Melting points were determined on Microquímica MQAPF 301 apparatus. IR spectra were recorded on a Spectrum One, Perkin-Elmer ATR system. The 1H and 13C NMR spectra were obtained on a Bruker Avance DPX-200 or DRX-400. The proton and carbon chemical shifts (d) are given with respect to TMS (tetramethylsilane). The assignments were based on COSY, DEPT-135, HSQC and HMBC experiments. Optical rotations were measured on an ADP220 Bellinghan + Stanley Ltd polarimeter. Mass spectra were recorded with a Waters Quattro LC triple quadrupolar mass spectrometer. Thin layer chromatography was performed using silica gel 60G Merck and 15% ethanolic H2SO4 (v/v) was employed for the revelation of the spots. Size-exclusion chromatography (SEC) was performed using Sephadex LH-20 (25-100 µm). The reagents were obtained from commercial suppliers and were used without further purification.

4-Formyl-2-methoxyphenyl 2,3,4,6-tetra-O-acetyl-β-D-galactopyranoside 7

A 48% of an HBr aqueous solution (m/m; 24.7 mL, 0.218 mol) was added to an ice-cold magnetically stirred acetic anhydride (100 mL, 1.06 mol) by means of an addition funnel. The resulting solution was added to an ice-cold magnetically stirred solution of 1,2,3,4,6-penta-O-acetyl-α,β-galactopyranoside (10 g, 25.6 mmol) in dichloromethane (75 mL) by means of an addition funnel. The mixture was warmed to room temperature. After 2 h, TLC analysis (9:1 CH2Cl2/EtOAc) showed that the reaction was complete. The mixture was extracted with dichloromethane (3 × 50 mL). The combined organic layers were washed with a saturated aqueous solution of sodium bicarbonate to remove the acid followed by the saturated aqueous brine solution. The organic phase was dried with sodium sulfate, filtered and concentrated to give 2,3,4,6-tetra-O-acetyl-α-D-galactopyranosyl bromide 6 as a colorless oil (10.61 g, 100% yield) which was used without further purification.

To a solution of LiOH.H2O (3.06 g, 73 mmol) in water (23 mL), it was added 4-hydroxy-3-methoxybenzaldehyde (12.16 g, 80 mmol) and the mixture was stirred for 10 min. Then, a solution of 6 (10.52 g) in acetone (30 mL) was added with stirring. After 2 h, TLC analysis (9:1 CH2Cl2/EtOAc) showed the completion of the reaction. Later, acetone was removed under reduced pressure and water (50 mL) was added to the resulting mixture.
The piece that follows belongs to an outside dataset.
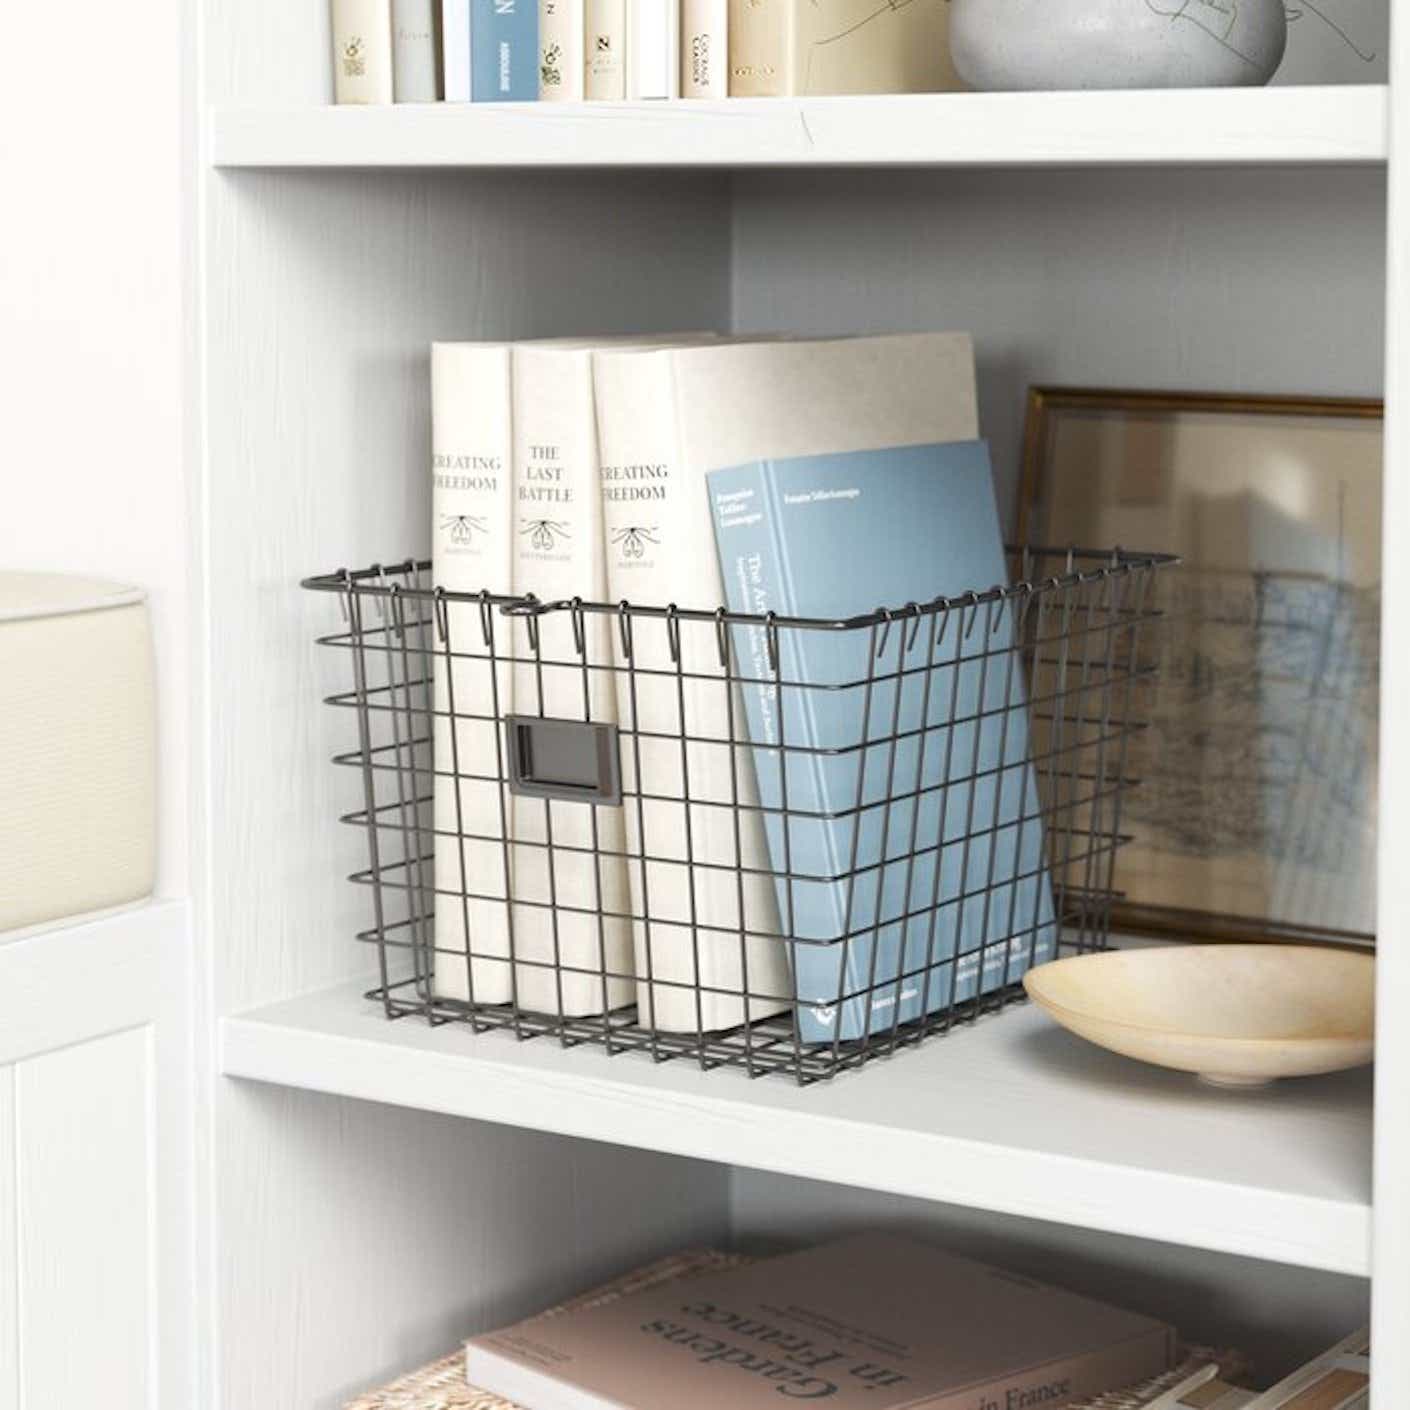 A rustic yet industrial wire storage basket holds some books.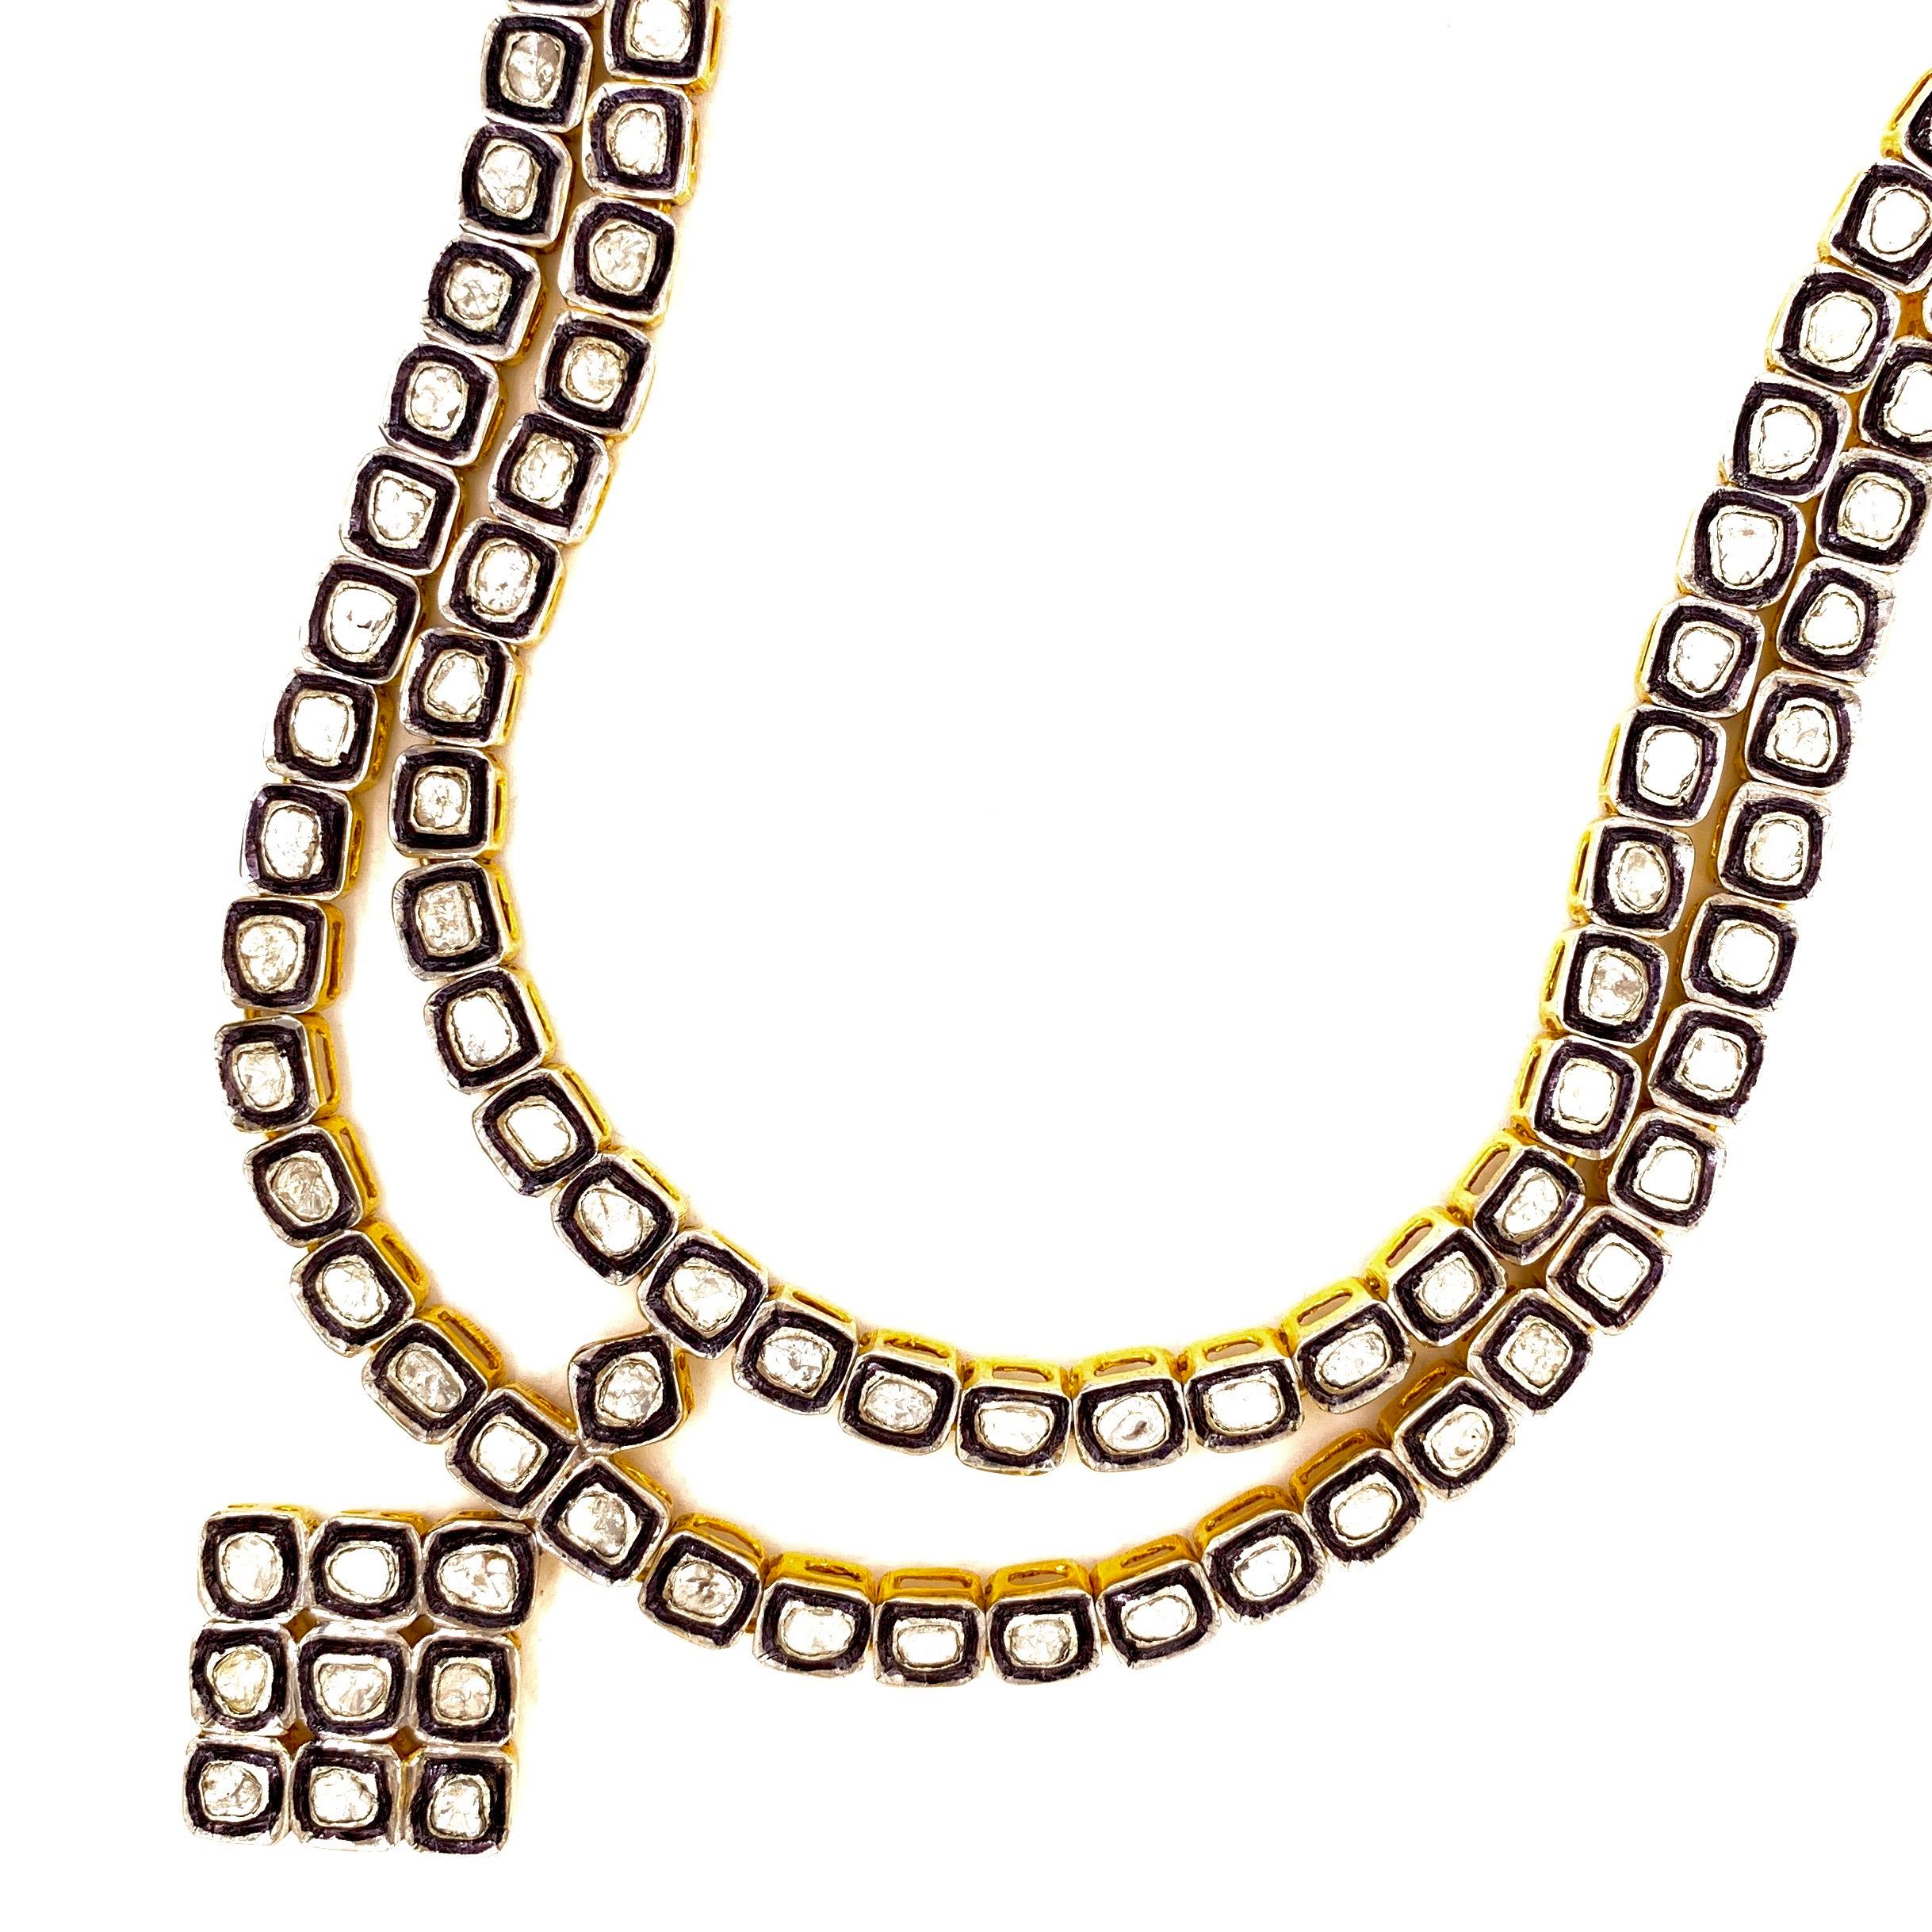 Mughal inspired diamond necklace. Handcrafted, 2 rows of fancy tabular cut 17 carats diamonds mounted in bezel setting, with dangling pendant, accented with oxidized contrast.  Elegant design is set in silver with 18 karat yellow gold plating, along

The aqueous phase was extracted with dichloromethane (2 × 50 mL). The combined organic layers were washed with 1 mol L-1 aqueous NaOH (3 × 100 mL) and with water to pH 7. The organic phase was dried with anhydrous sodium sulfate, filtered and concentrated. The crude product was dissolved in acetone (5 mL), water (200 mL) was added and the solid formed was collected by filtration to give 7 as a white solid (8.52 g, 68% yield, 2 steps): mp 123-124 ºC; [α]D21 -24.0 (c 1.0, MeOH); IR ν/cm-1 2867 and 1693 (aldehyde) 1752, 1740 and 1224 (ester) 1588 and 1515 (Aryl); 1H NMR (CDCl3, 200 MHz) d 9.89 (s, 1H, CHO), 7.44-7.41 (m, 2H, H-9 and H-11), 7.24 (d, 1H, J11,12 8.4 Hz, H-12), 5.56 (dd, 1H, J1,2 8.0 Hz and J2,3 10.2 Hz, H-2), 5.47 (d, 1H, J3,4 3.2 Hz, H-4), 5.13 (dd, 1H, J2,3 10.2 Hz and J3,4 3.2 Hz, H-3), 5.07 (d, 1H, J1,2 8.0 Hz, H-1), 4.30-4.05 (m, 3H, H-5, H-6 and H-6'), 3.90 (s, 3H, OCH3), 2.18, 2.08, 2.06, 2.02 (s, 12H, COCH3); 13C NMR (CDCl3; 50 MHz) δ 190.8 (CHO); 170.2; 170.1; 169.3 (COCH3); 151.2; 150.8 (C-7 and C-8); 132.6 (C-10); 125.3 (C-11); 117.7 (C-9); 110.6 (C-12); 100.2 (C-1); 71.1 (C-3); 70.4 (C-5); 68.3 (C-2); 66.7 (C-4); 61.2 (C-6); 56.0 (OCH3); 20.5 (COCH3).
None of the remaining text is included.